### [Prompt]
Restate word for word the entries below, starting at the line with "Sew Sweetness Cumberland" and ending at the line with "Open Graph Image as a Service". Keep both end lines and omit the pictures.

### [Excerpted records]
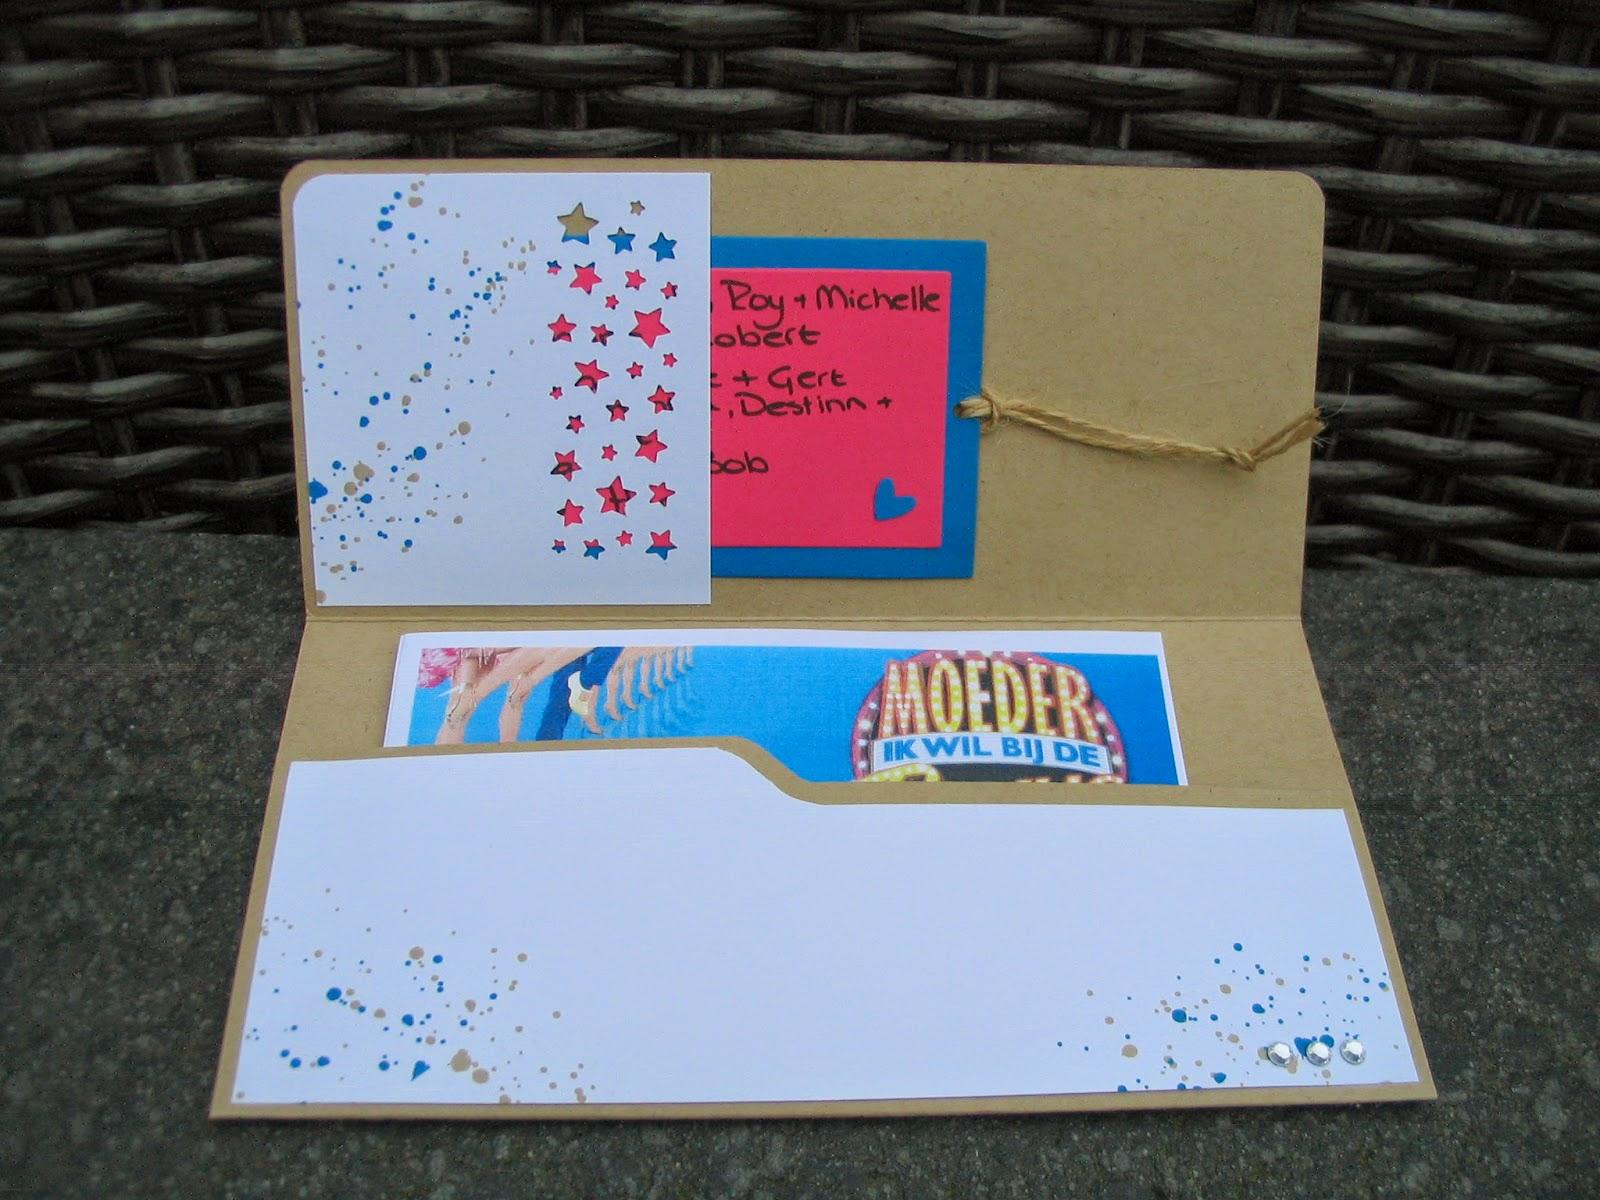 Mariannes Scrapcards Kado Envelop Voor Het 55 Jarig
* * *
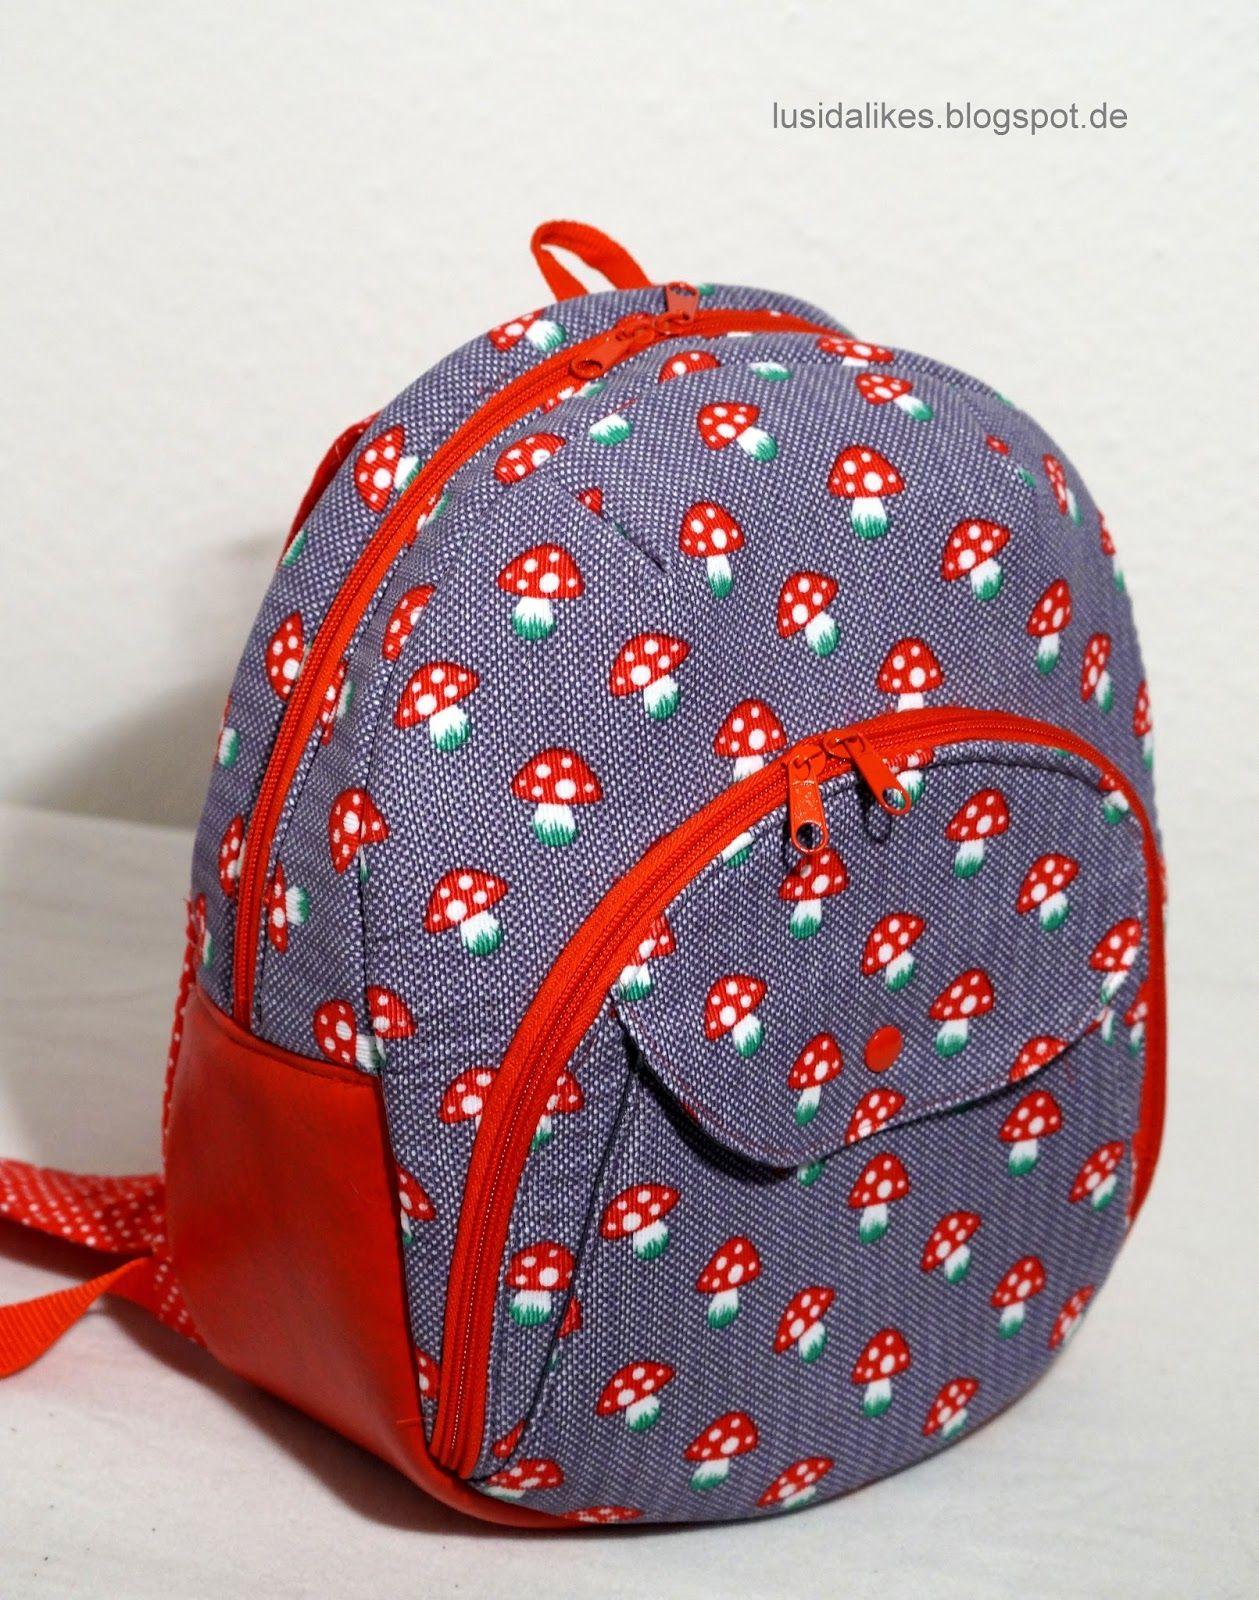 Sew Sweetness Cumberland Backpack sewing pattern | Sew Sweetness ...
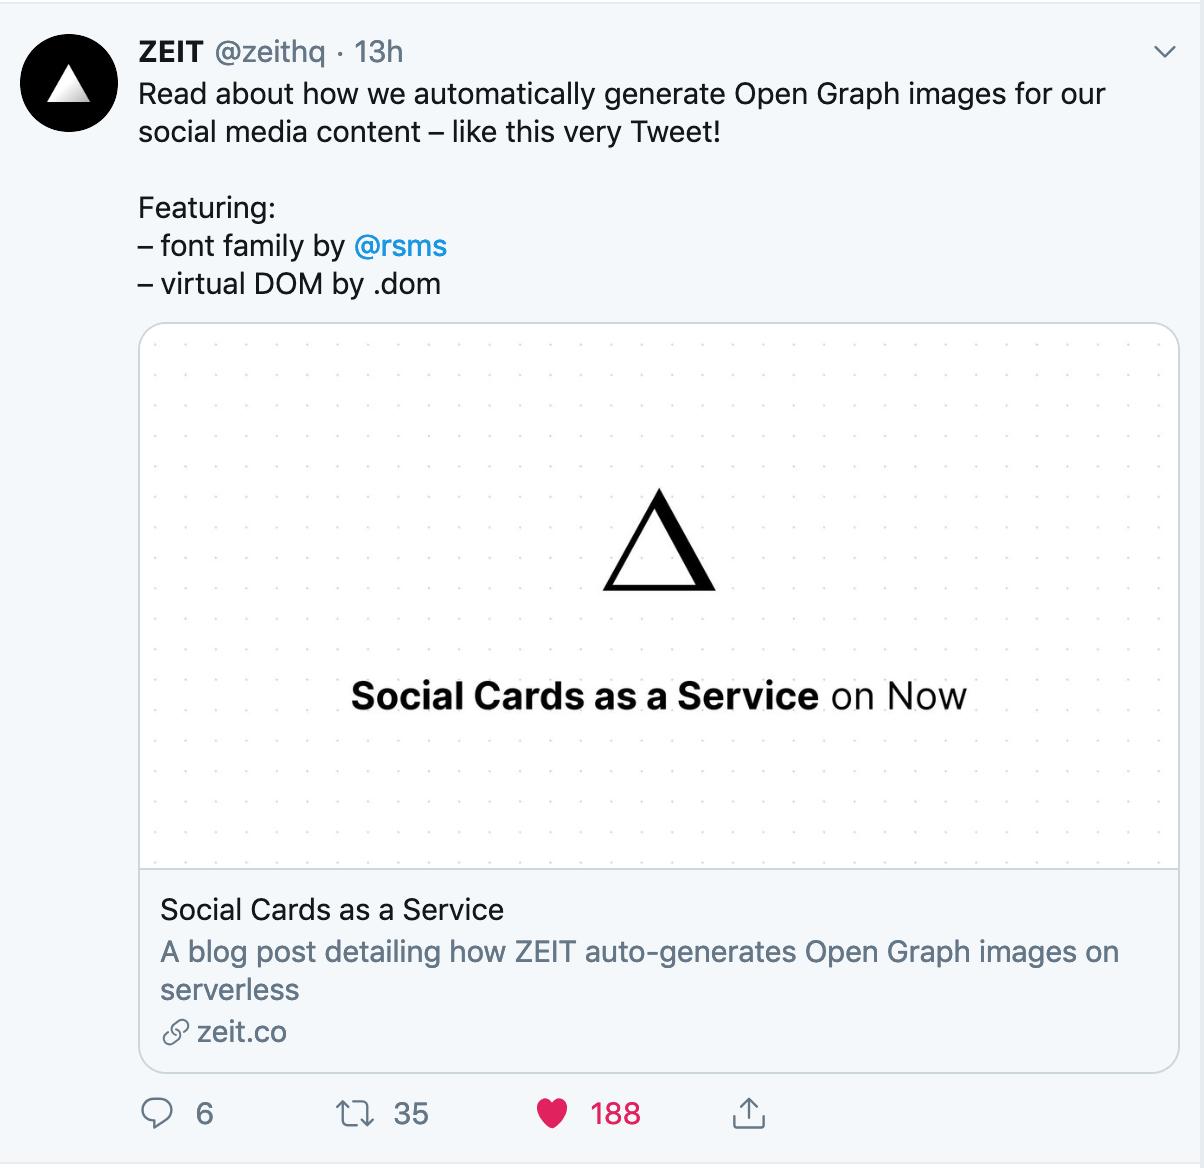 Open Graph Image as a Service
==
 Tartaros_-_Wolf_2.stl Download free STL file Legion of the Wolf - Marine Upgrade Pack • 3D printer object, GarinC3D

### [Written answer]
 Sew Sweetness Cumberland Backpack sewing pattern | Sew Sweetness ...
 Open Graph Image as a Service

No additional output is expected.